제124회 대한화학회 학술발표회, 총회 및 기기전시회 안내 Label-Free Electrochemical Detection of Protein Kinase A Activity with C-Kemptide-AuNP/rGO-GCE

등록일
2019년 9월 9일 16시 54분 42초
접수번호
2029
발표코드
ELEC.P-447 이곳을 클릭하시면 발표코드에 대한 설명을 보실 수 있습니다.
발표시간
10월 17일 (목요일) 11:00~12:30
발표형식
포스터
발표분야
Electrochemistry
저자 및
공동저자
Da eun Oh, Tae Hyun Kim1,*
Chemistry, Soonchunhyang University, Korea
1Department of Chemistry, Soonchunhyang University, Korea
Protein kinase A (PKA), playing a key role in the human biological system, especially involving in peptide phosphorylation and enzymatic signal amplification.

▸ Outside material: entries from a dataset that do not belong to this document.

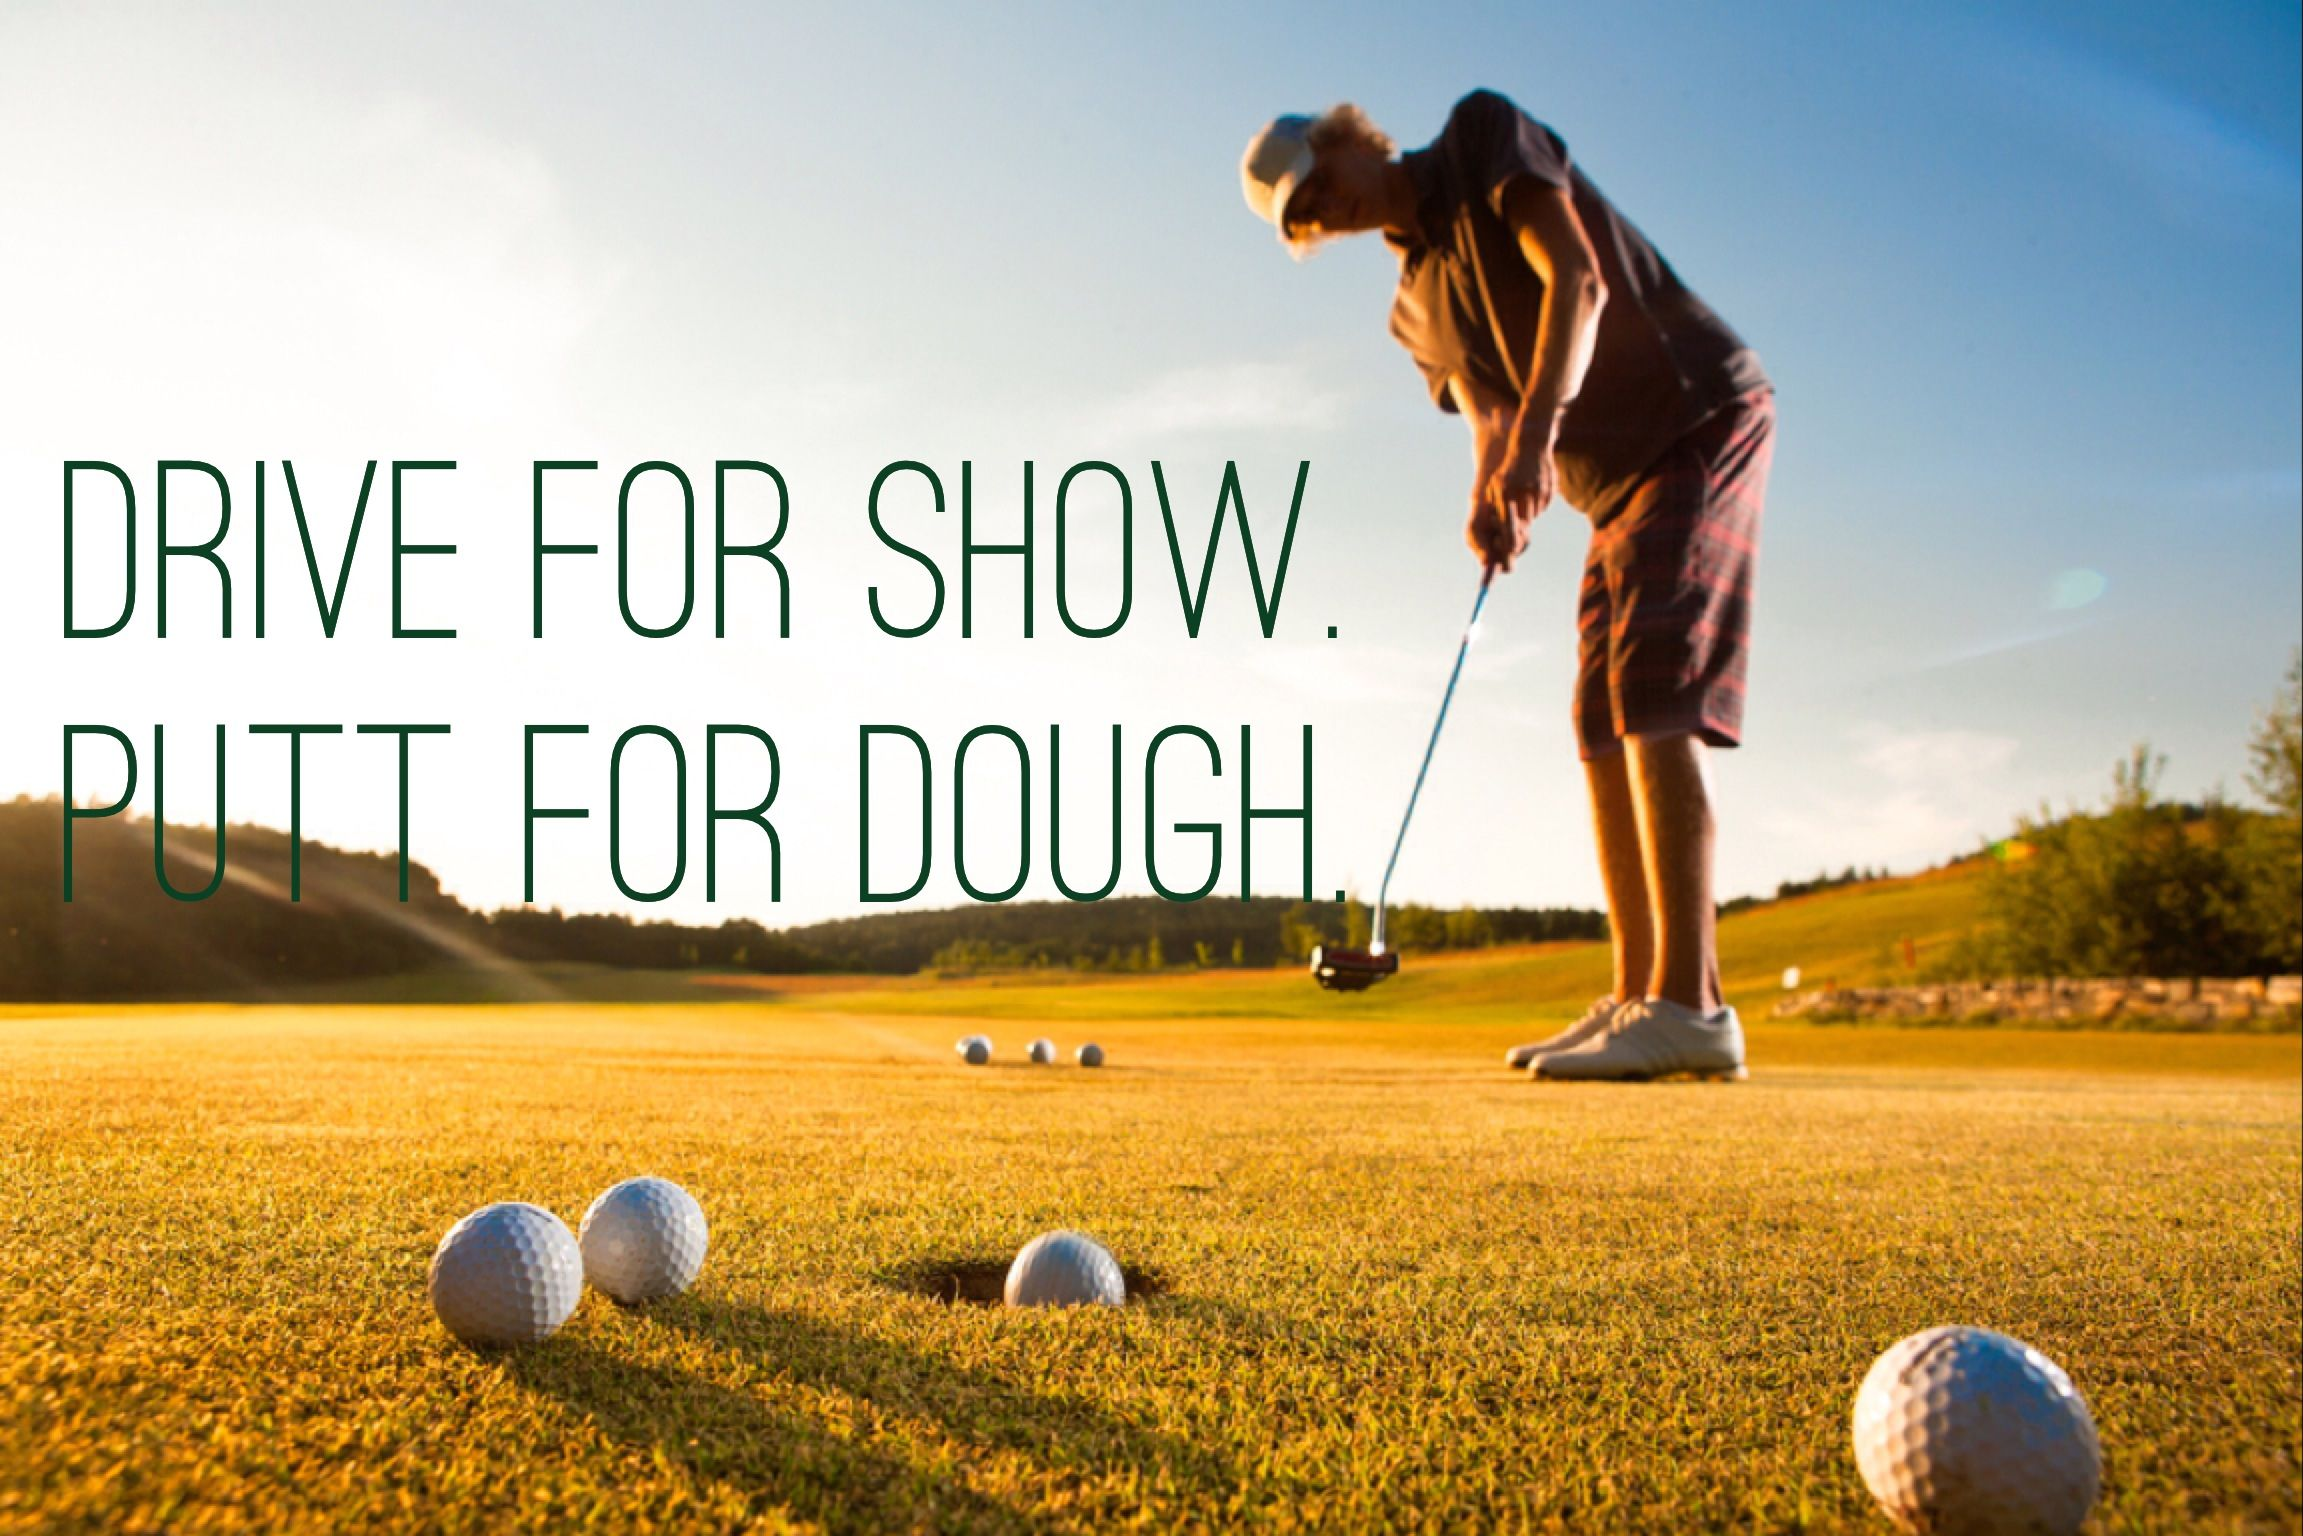 Drive For Show Putt For Dough Golf Instruction Golf Quotes Putt Putt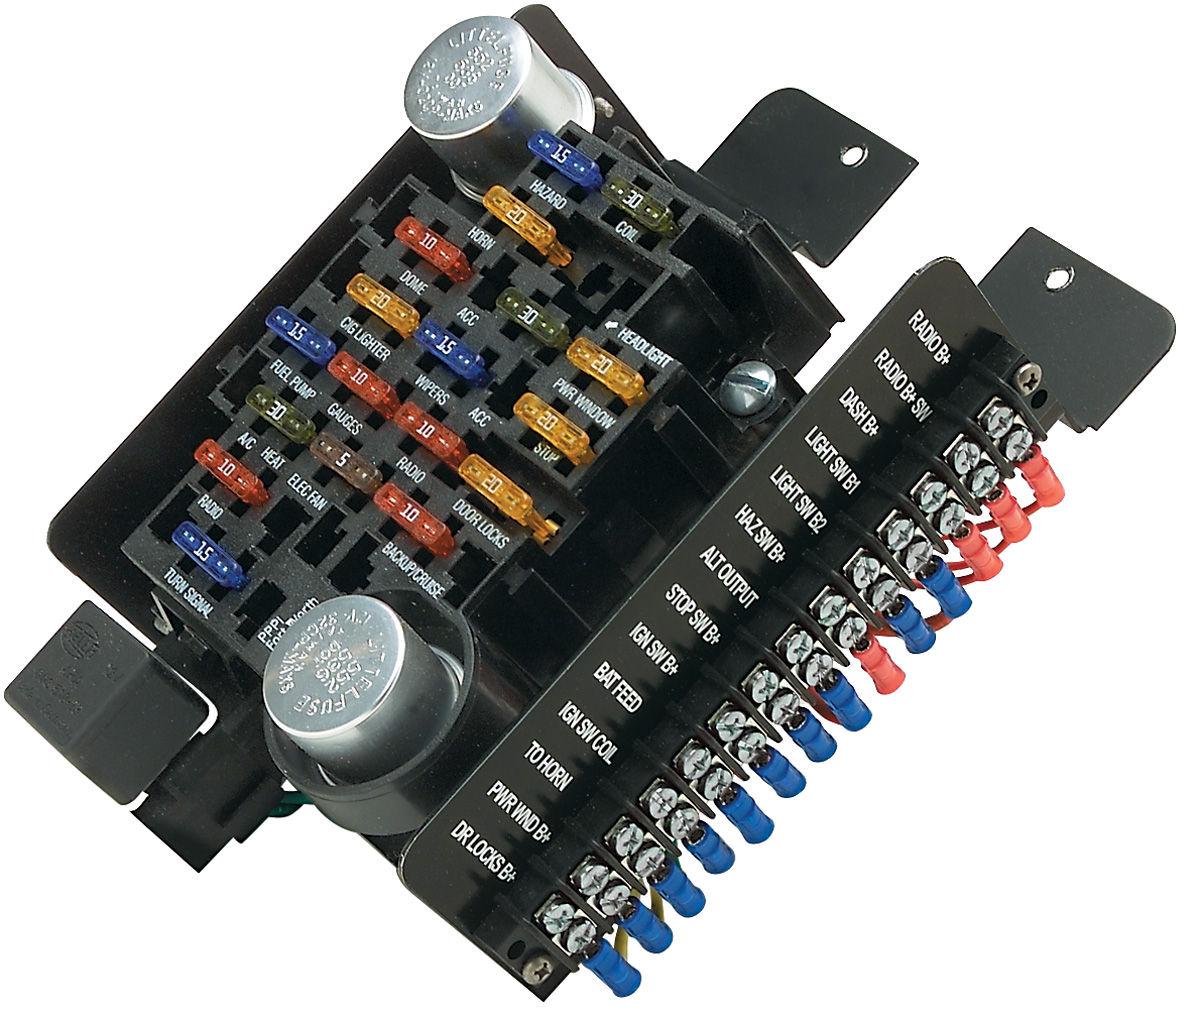 fuse box 1985 el camino ss choo choo custom simple wiring diagram rh 58 lodge finder de 79 cutlass 85 cutlass fuse box [ 1200 x 1022 Pixel ]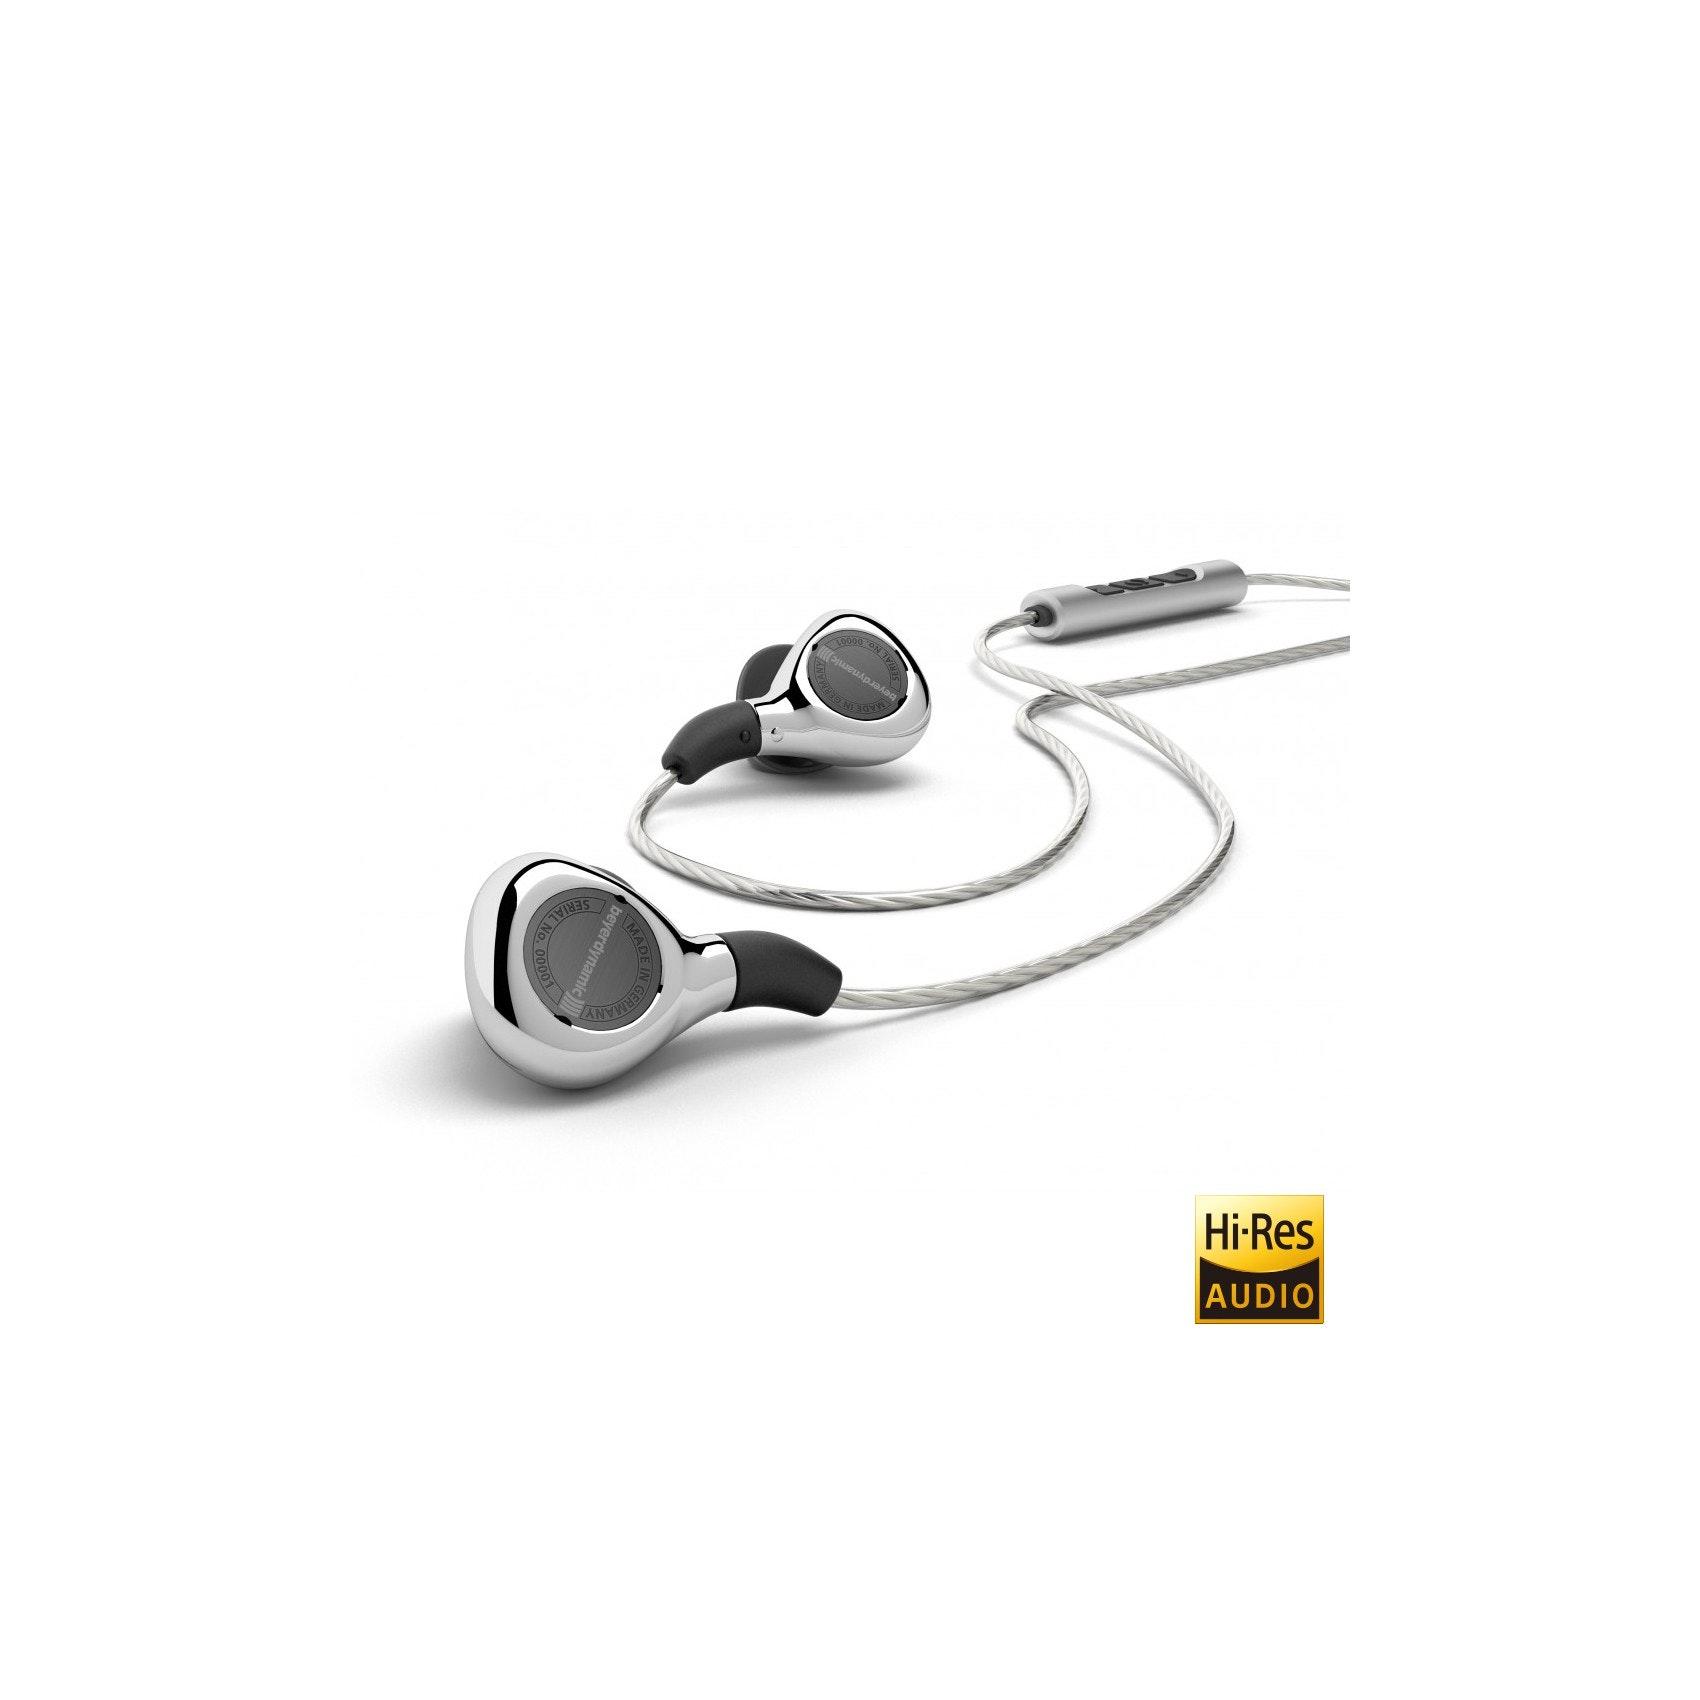 beyerdynamic Xelento remote: Audiophile Tesla in-ear

PKA activity provides many information of some disease, such as cancer, leukaemia, HIV. Therefore, a lot of researchers have developed various methods to detect the activity of PKA sensitively and selectively. Here, we designed the label-free method to selectively detect the PKA activity with electrochemical impedance spectroscopy (EIS). The electrode for the EIS measurements was modified with gold nanoparticle/reduced graphene oxide (AuNP/rGO) hybrid nanocomposite to enhance the electrochemical catalytic effect. The AuNP/rGO hybrid nanocomposite was fabricated by simple and environmentally friendly method using electrochemical technique. For the PKA activity detection, the C-Kemptide was immobilized onto AuNP/rGO modified electrode (KAG-GCE) through gold-thiol bond. As-prepared KAG-GCE was characterized by scanning electron microscopy (SEM), cyclic voltammetry (CV), and EIS. Here, the Rct in EIS measurement was representing the change in PKA activity; the Rct increased with phosphorylation of C-Kemptide by PKA. So, we measured the PKA activity though changes in Rct according to the concentration of ATP and PKA. The inhibition assay was also performed with the H-89 kinase inhibitor. Furthermore, the KAG-GCE based PKA assay was applied to the ovarian cancer cell lysate. Our PKA assay showed a great potential for the use of actual clinical diagnosis.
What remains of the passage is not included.